Published online by Cambridge University Press: 22 December 2023
Europe is at its most noble when it strives for respect for all within its borders. The very persistence of the EU shows that such respect can be achieved among states, which is no mean feat given the ghastly past century. The massive migration of Muslims tests whether such respect can be achieved across perceived civilizational divides. Here the jury is out.
After all, Muslims are Europe’s “perfect enemy”. They evoke the historical schemas of Saladin and Charles Martel, ready to be weaponized when useful. And they are suspected as deep-down radicals, who at the right moment will show their true colors. The problem is not that there are no dangers, but that commentators treat Muslims as essentially the same, as defined by putatively fixed characteristics of their religion.

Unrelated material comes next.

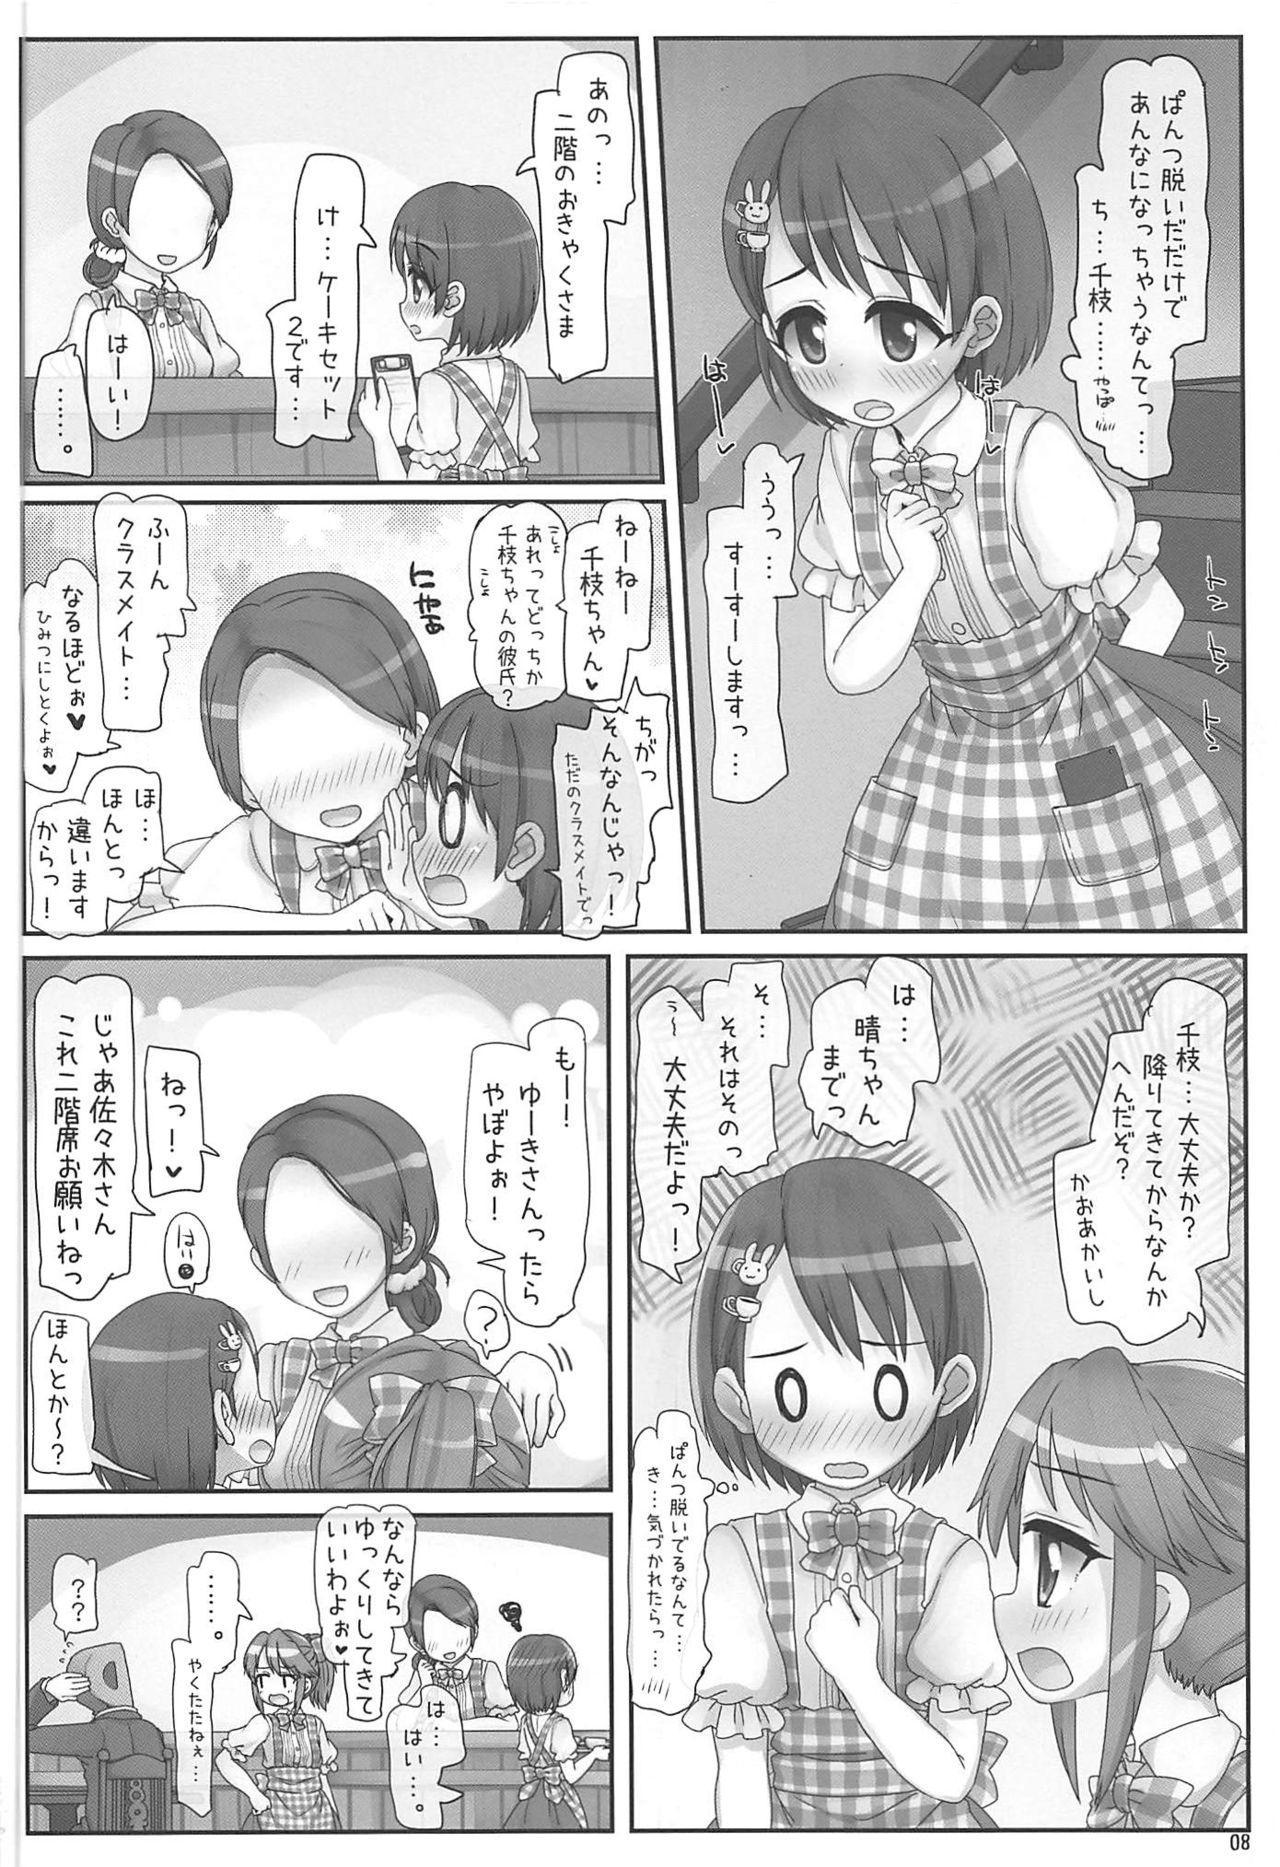 Oshigoto Ganbaru Kimi ga Suki 6

Of course, Muslims are not the only targets of what the philosopher Charles Taylor has called “block thinking”. Treating Jews, Roma, Irish, and so forth as “races”, defined by an immutable essence, has long been the basis for everyday discrimination and mass murder. But today Muslims are the main collective target for everyday character assassination. It has become usual for journalists and politicians to slip from using “radical” to “Islamist” to “militant” when writing of those Muslims deemed not to be playing the state’s precise integration game. They do not adapt, and we can never be sure precisely what they think. And there are more specific claims of otherness. One regards children.
Fearing birth
Since the carnage of the world wars, repeopling the nation has been a matter of national urgency across Europe. If not enough citizens could be grown quickly enough, then workers would be imported as economic placeholders. But when many of these “workers” came to be seen as “Muslims”, they also became a threat, and not a solution, to the peopling problem.
Critics claim a visceral demographic threat, that “they” will soon replace “us”, and thereby accomplish by stealth the conquest of Europe first attempted over a millennium ago. The attacks also have both a general and a nation-specific component, corresponding as they do to the particular historical narratives of citizenship in France, Germany, Britain, and so forth.